Observing the three DX2-66 pieces (Intel, AMD, and Cyrix), they all displayed similar performances at 66 MHz. This is surprising considering that the Cyrix company literature mentions the Cyrix DX2-66 as containing write-back cache, while the AMD and Intel units tested both had 8 KB of write-through cache. It may be that either the Cyrix part really contains WT cache or that the motherboard placed its cache in WT mode (one of the cache utility programs claimed the CPU was in WT mode, while another mentioned it was in WB mode. CTCM and Chkcpu16 are usually in agreement, but not for this CPU). The IBM-Cyrix literature mentions a 15% performance increase for chips with write-back cache due to eliminating unnecessary external memory write cycles. An Intel DX2-66 with 8 KB of write-back cache also exists, however it was far less common than the WT version and was not available for testing.

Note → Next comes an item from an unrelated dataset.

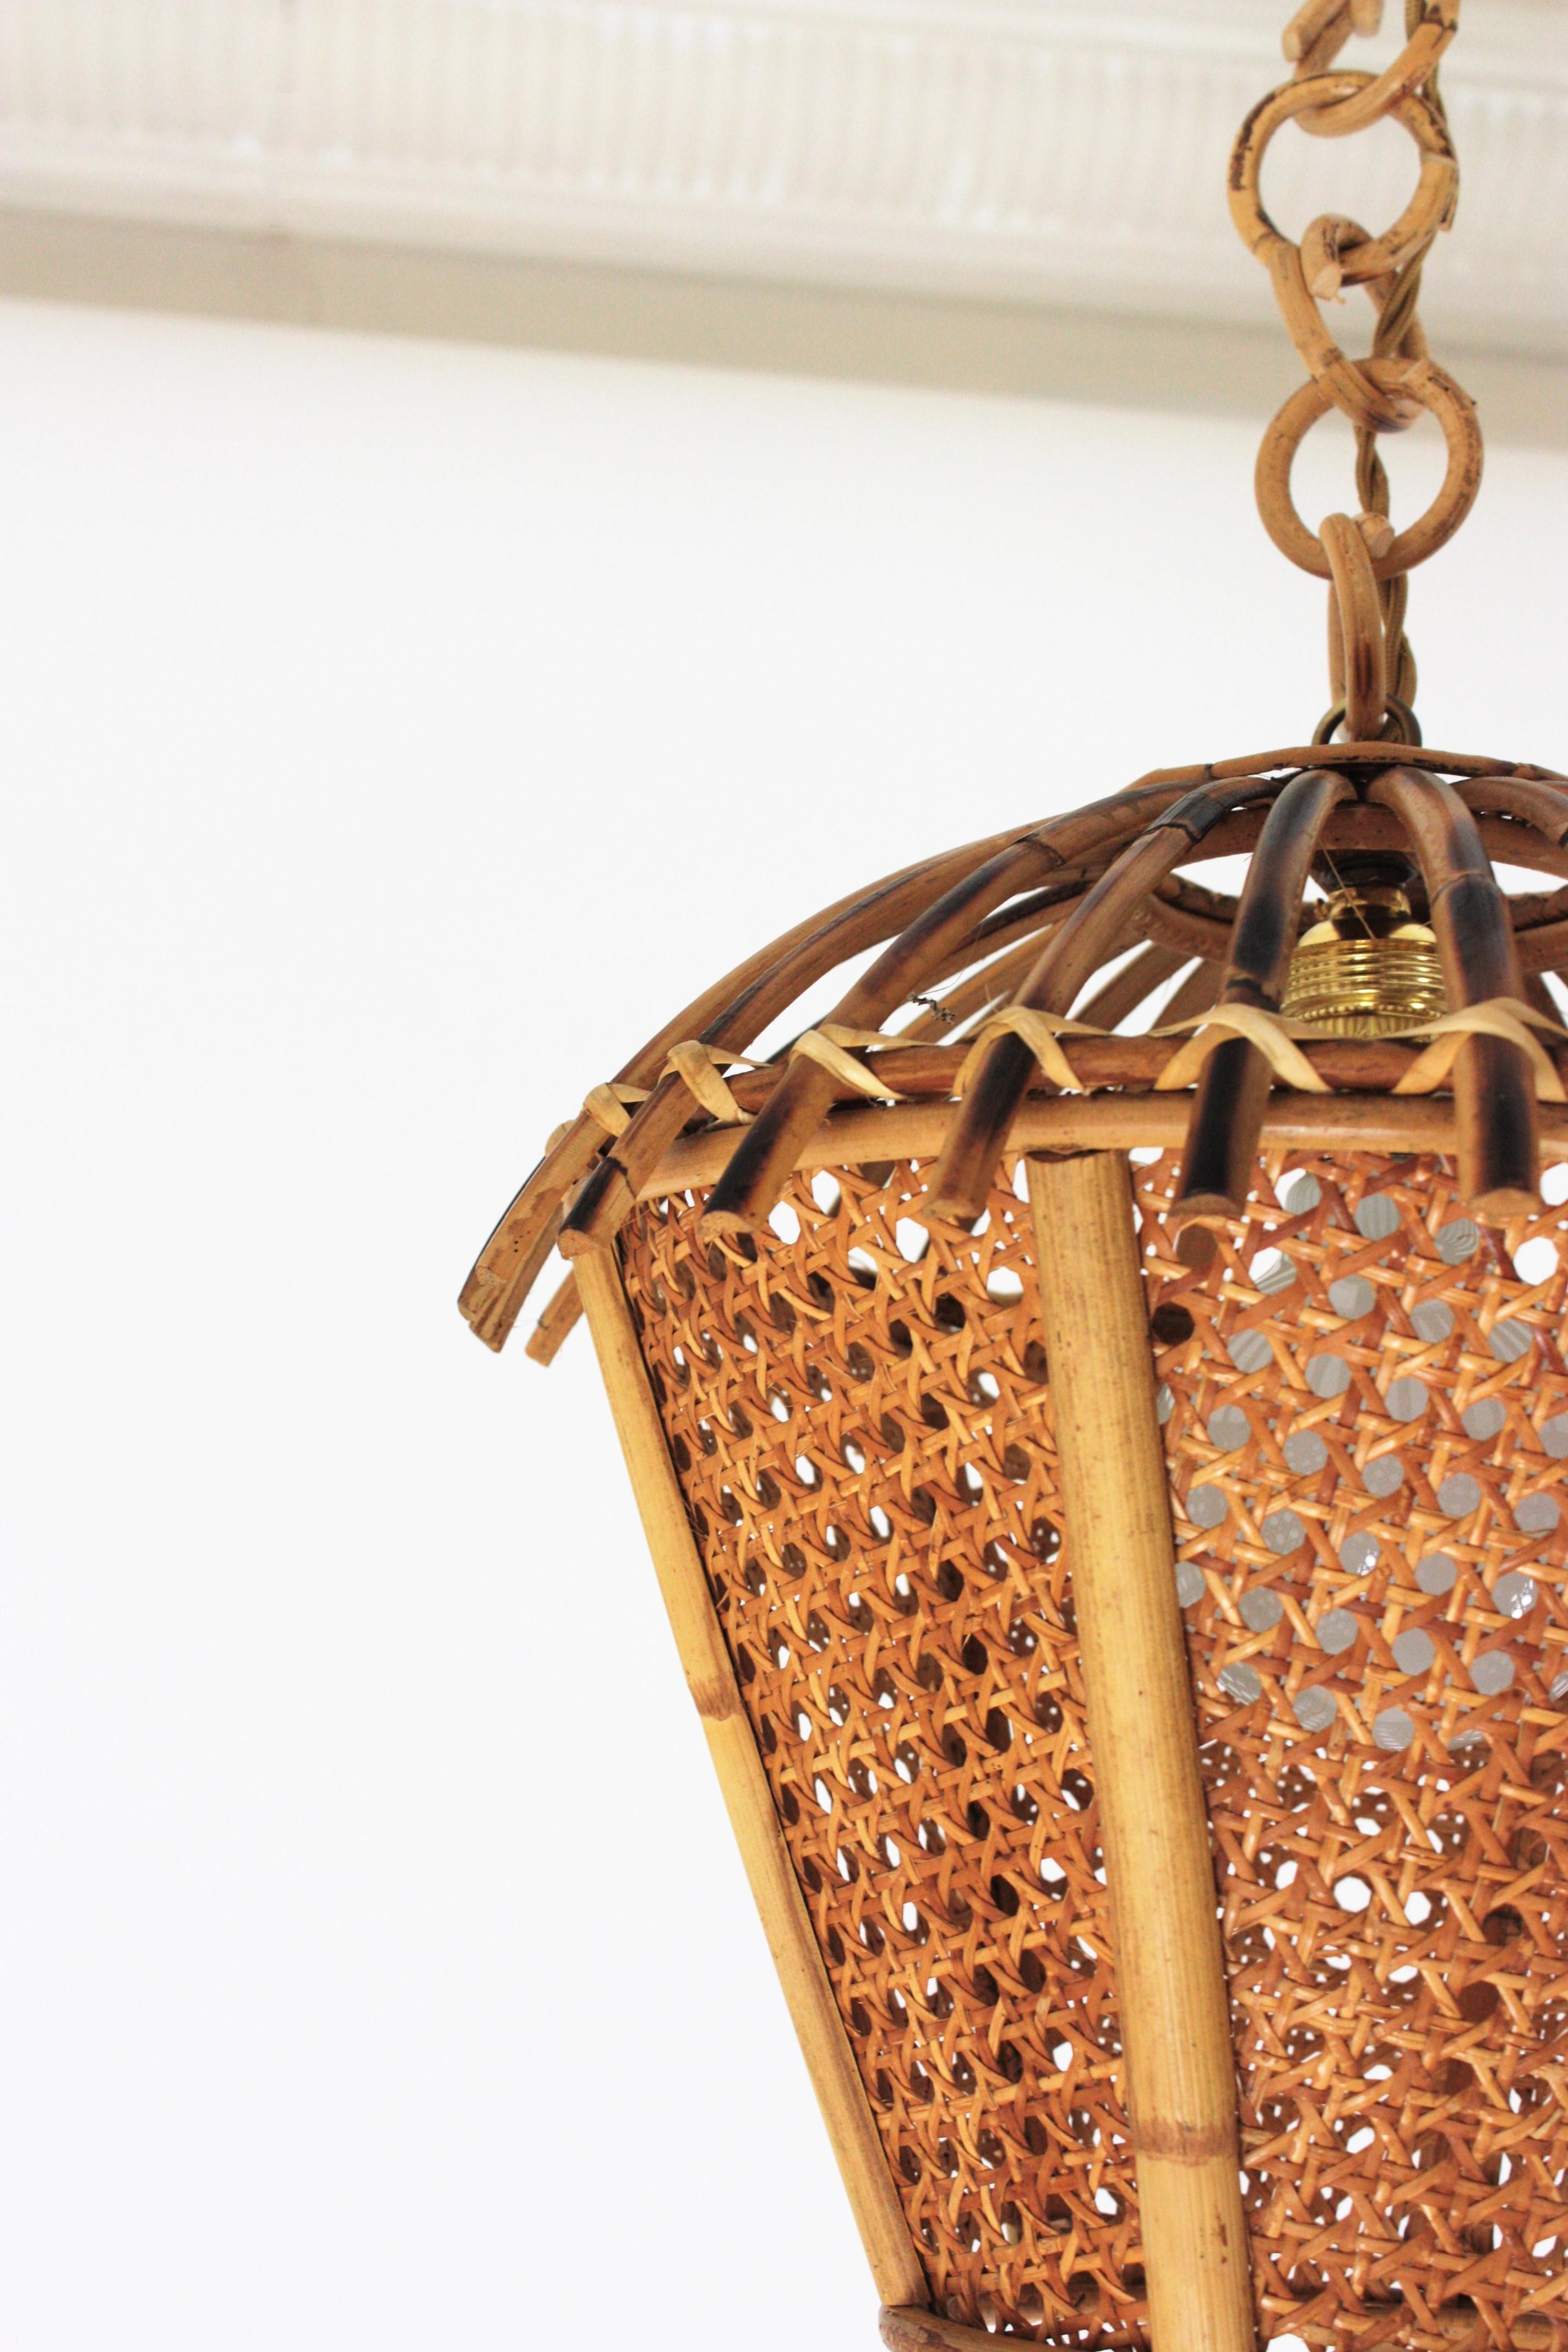 Italian Modernist Rattan and Wicker Wire Pagoda Pendant Hanging Light, 1960s For Sale 7

As far as the Pentiums are concerned, the P54C-100 (the reference CPU) contains half the L1 cache of the POD 100 WB (Socket 3, Pentium Overdrive) and scored 7% better. This can easily be understood as the P54C-100 was run on a motherboard with a 66 MHz FSB and with pipeline burst cache. By comparing the POD-83-WB with that of the POD-83-WT, it is clear that using the WB caching scheme over the WT scheme contributes significantly to performance, 15% in this case. Unfortunately, the POD 100 may be hit-or-miss with finding one which will overclock well to 100 MHz. Only 1 in 3 units tested for this project overclocked well enough in Windows to run the complete set of benchmark tests. The POD-100 in WT mode overclocks even worse than in WB mode, so this was used as a basis to establish which 1 in 3 were the best overclockers.

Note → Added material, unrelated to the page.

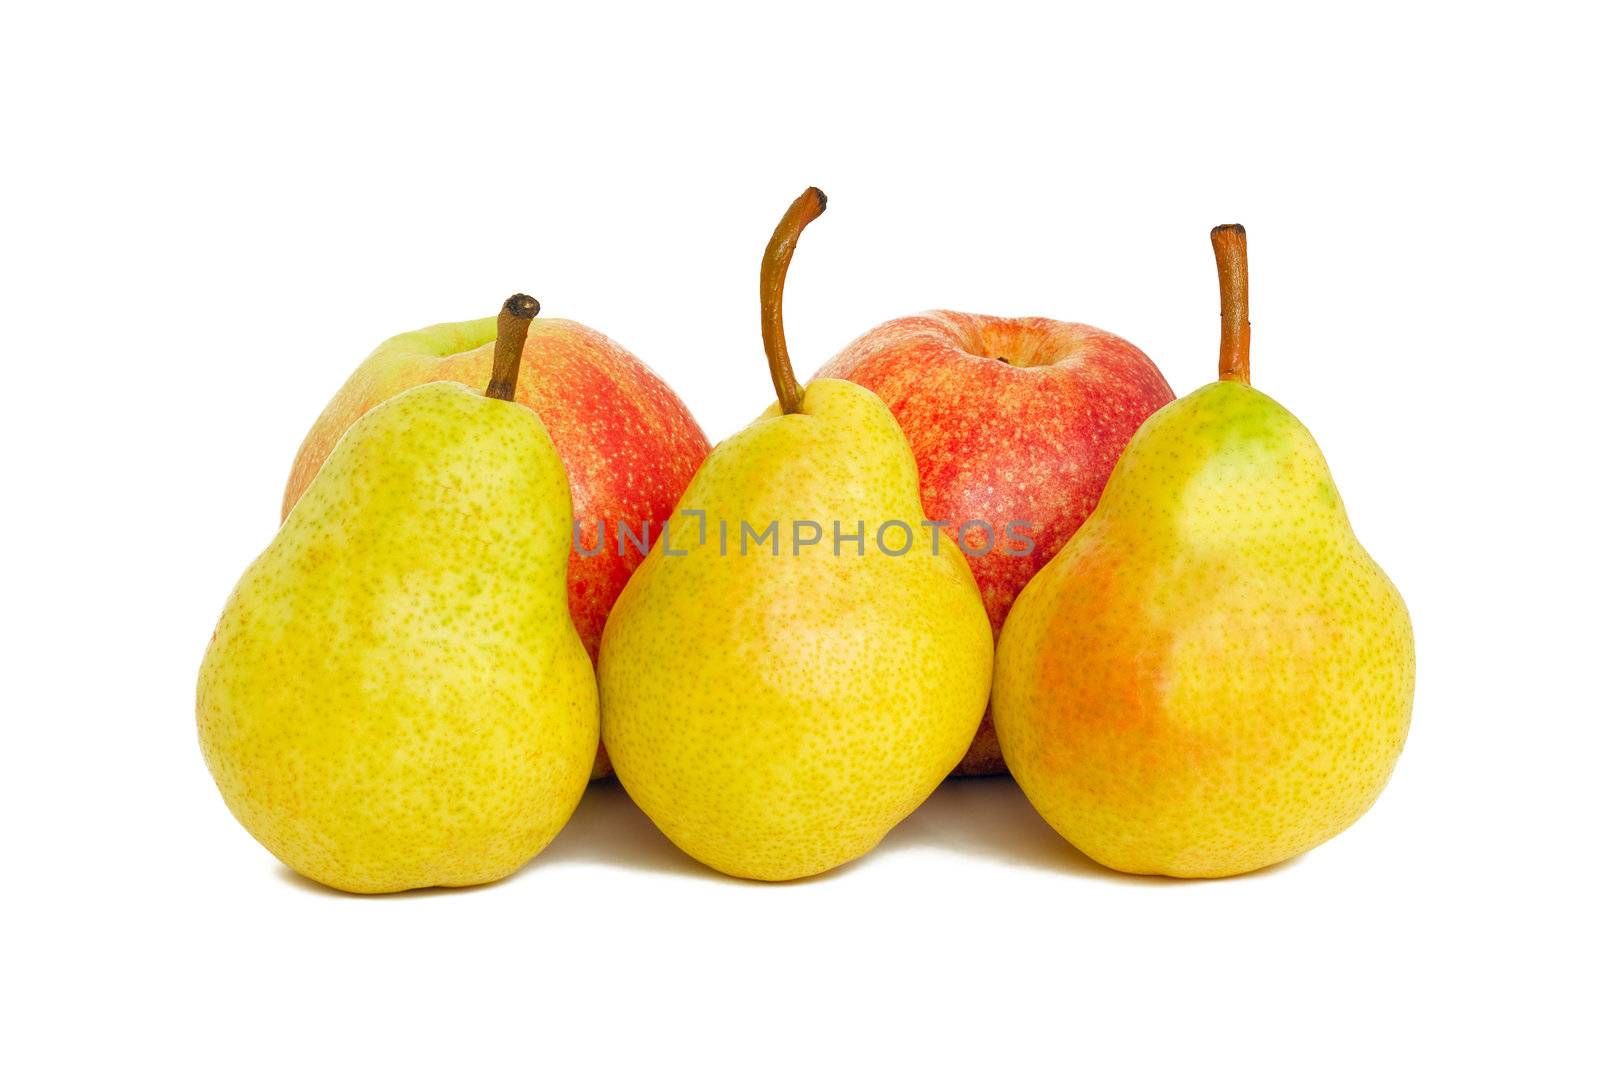 Various fruits - apples, pears, isolated on a white background.

[Note: Only the M919 seemed to operate with WT mode correctly on the POD, whereas if you set the MB 8433UUD motherboard to WT mode on a POD, the cache utility programs would still report the CPU to be in WB mode).]
Turning off the Cyrix next generation enhancements, as witnessed with Cyrix 5x86-133-EO, brought the ALU performance down to a level barely above that of the AMD X5-133. Fortunately, most socket 3, PCI-based motherboards work with the majority of these enhancements enabled, with the worst case leaning towards BWRT and LINBRST being non-functional on some older PCI-based motherboards. Further individualised testing would be required to determine what significance each enhancement has over the benchmark results. No such testing is currently planned; however, it is evident from the ALU Performance chart that enabling branch prediction (5x86-100-BP) increased ALU performance by 3%. It has also been observed that turning on FP_FAST increased FPU performance by 10%.

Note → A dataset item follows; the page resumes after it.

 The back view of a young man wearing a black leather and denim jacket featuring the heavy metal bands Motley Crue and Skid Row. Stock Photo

Looking again at the AMD DX2-66 score of 40.3 and doubling it (to simulate 133 MHz operation), we get a score of 80.6, which is about the same as an AMD X5-133 (at 82.3). It appears as if not much as changed architecturally with the AMD unit, except for whatever layout rules and technology were needed to enable 133 MHz operation on a DX2. The increase was only 2.04 fold, whereby a 2 fold increase would be expected based on clock frequency alone. 2.04/2 = 1.02, or a 2% increase. This will be referred to as the design enhancement factor, or DEF. Using the same analogy for the Cyrix DX2-66 and Cyrix 5x86-133, we see a DEF of 1.20, or 20%! Through linear extrapolation, the ALU performance of a fictitious Intel DX2-60 was obtained, resulting in an Intel DX2-60 / DX4-120 DEF of 1.06, or a gain of 6%.
RESULTS - FPU
For non-overclocked CPUs, Appendix 6 indicates that the Cyrix 5x86-133 had the best FPU performance, whereby the Intel POD-83-WB was next in-line with 4% less performance. A Cyrix 5x86-120 and POD-83-WB were a close match, with a 3% lead by the POD-83-WB. A Cyrix 5x86-120, and even a POD-83-WT in write-through mode, outperformed the AMD X5-160 in FPU operations. Looking at the charted FPU results, an AMD X5-160 was approximately equivalent to a Cyrix 5x86-100 in floating-point operations, while an AMD X5-133, Cyrix 5x86-80, and Intel DX4-120 demonstrated similar performance.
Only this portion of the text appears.